## Mistakes I Have Made

This page is dedicated to the various mistakes that I have made using Stata. Learn from them! Have you made a mistake using Stata that you think others could learn from? Email me at djiboliz@gmail.com.

### expecting decimal operations to be exact

Stata (being a computer program) stores numbers in binary. There is no exact binary representation of decimals such as 0.1. Stata's default for storing
numbers is the float which has 7 digits of accuracy. It does calculations and comparisions to double accuracy, which is 16 digits. This means you can get
the following

. gen x = 0.1
. count if x == 0.1
0

To avoid this issue, you could store your numbers with decimal points as doubles.

. gen double n = 0.1
. count if n == 0.1
1

But this uses twice as much space to store, and you can't use this method if you are using variables that have been entered or created by someone else.
Instead, use the float function when doing comparaisons, which rounds numbers to float accuracy.

. count if float(x) == float(0.1)
1

### using `if varx` instead of `if varx == 1`

`if varx` evaluates to TRUE if *varx* is missing, so if *varx* is a binary
variable, your command will be executed for observations where *varx* is equal to 1 and
where it's missing. This is probably not what you want.

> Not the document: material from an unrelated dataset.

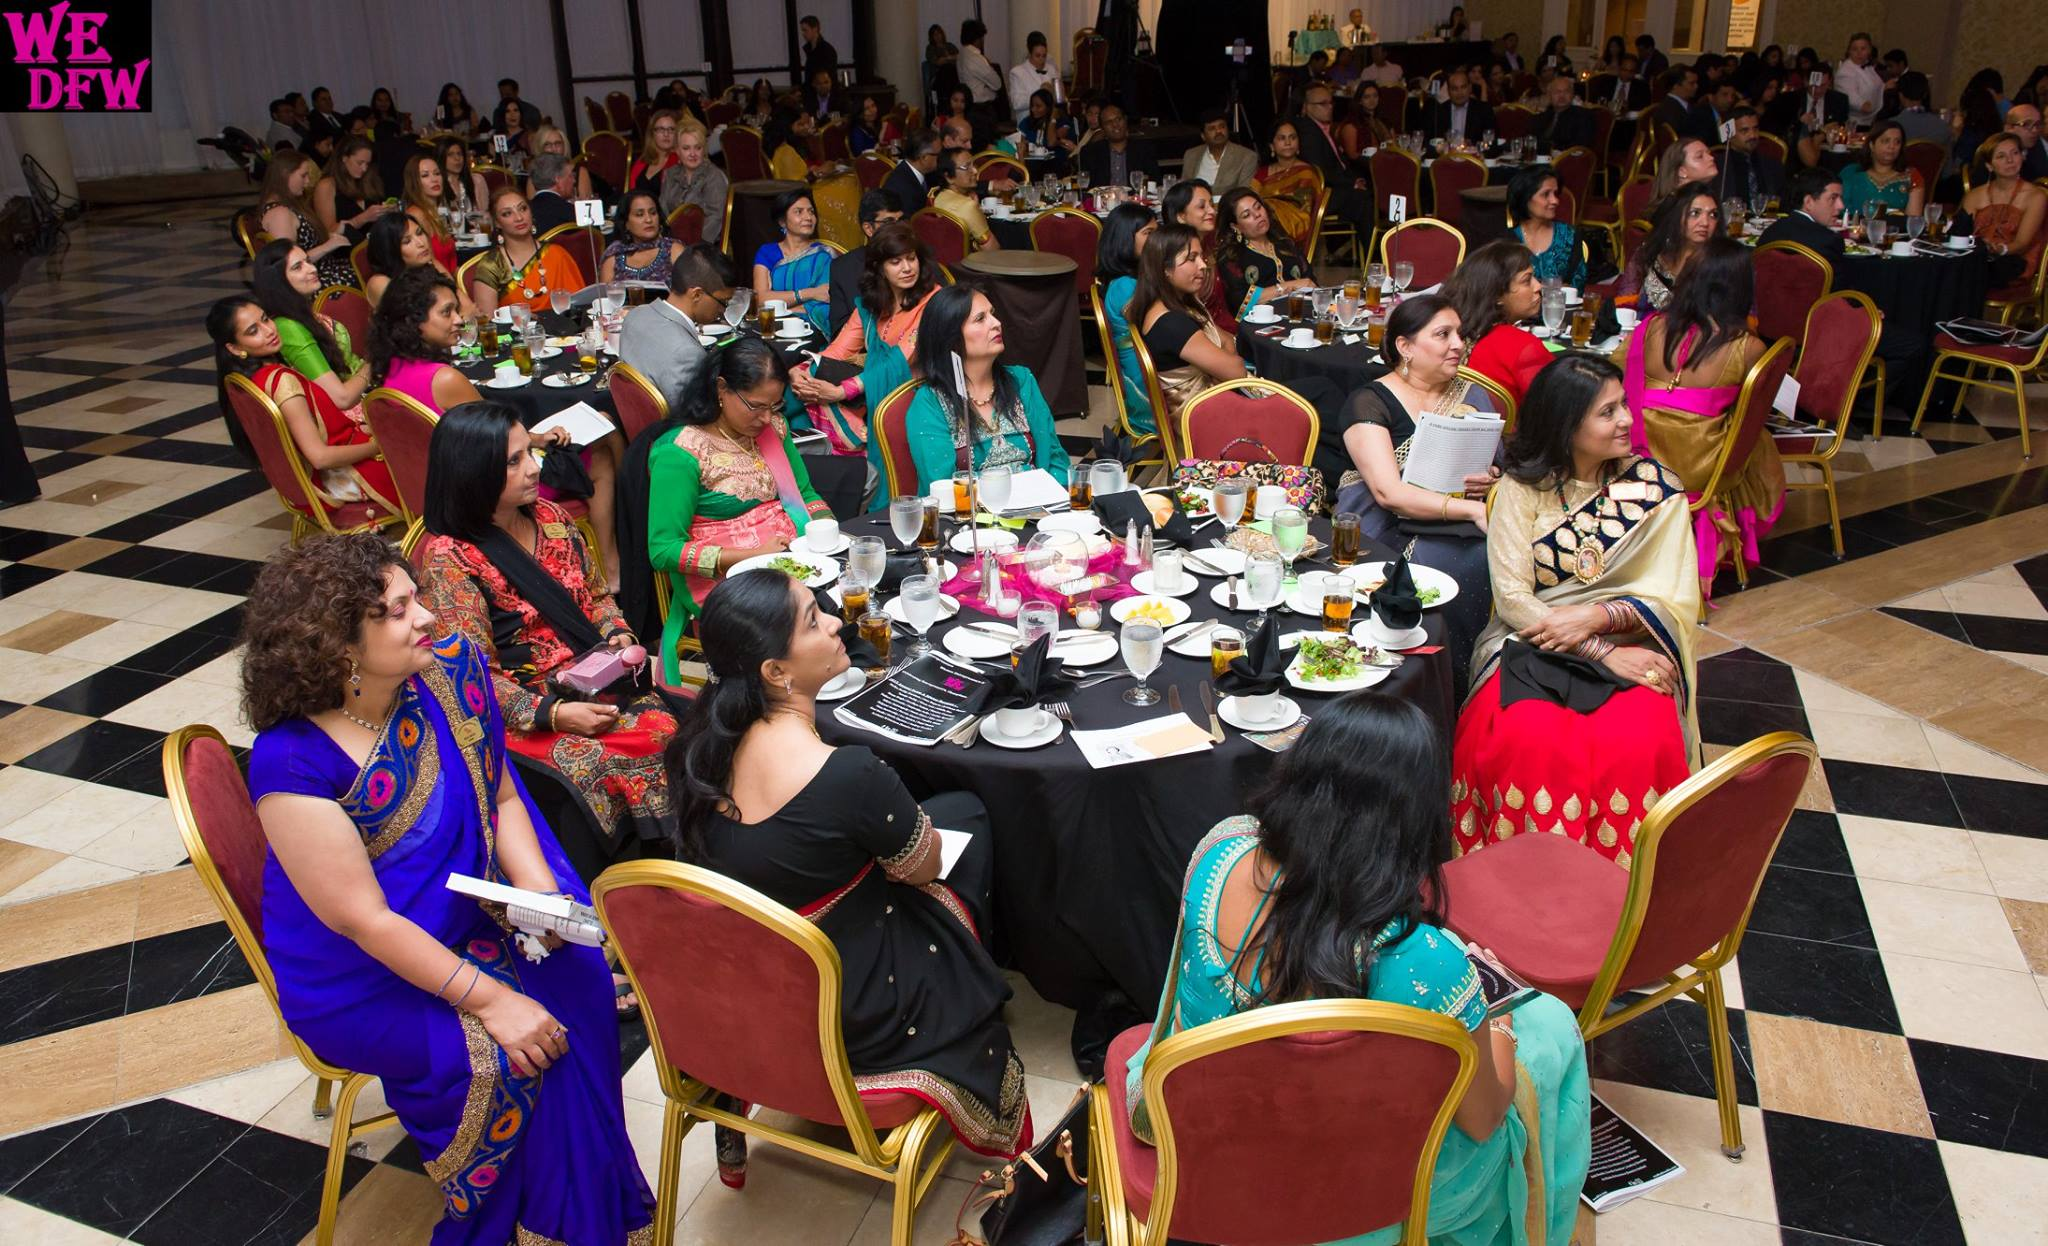 Sep 2015: Dinner Banquet - Member presentations

### using `if varx != .` instead of `if varx < . `

Later versions of Stata support extended missing values
such as `.a` and `.b` Some datasets use these extended missing values to differentiate between
different reasons why the value is missing (for example .a might mean "don't know" while .b means "not applicable.") All of these extended missing values are counted by Stata as being greater than any number so if you want to restrict your command to observations where *varx* is not missing, use `if varx < . ` to be safe. Similarily, if you want to
drop all observations where *varx* is missing, use `drop if varx >= .` instead of ` drop if varx == .`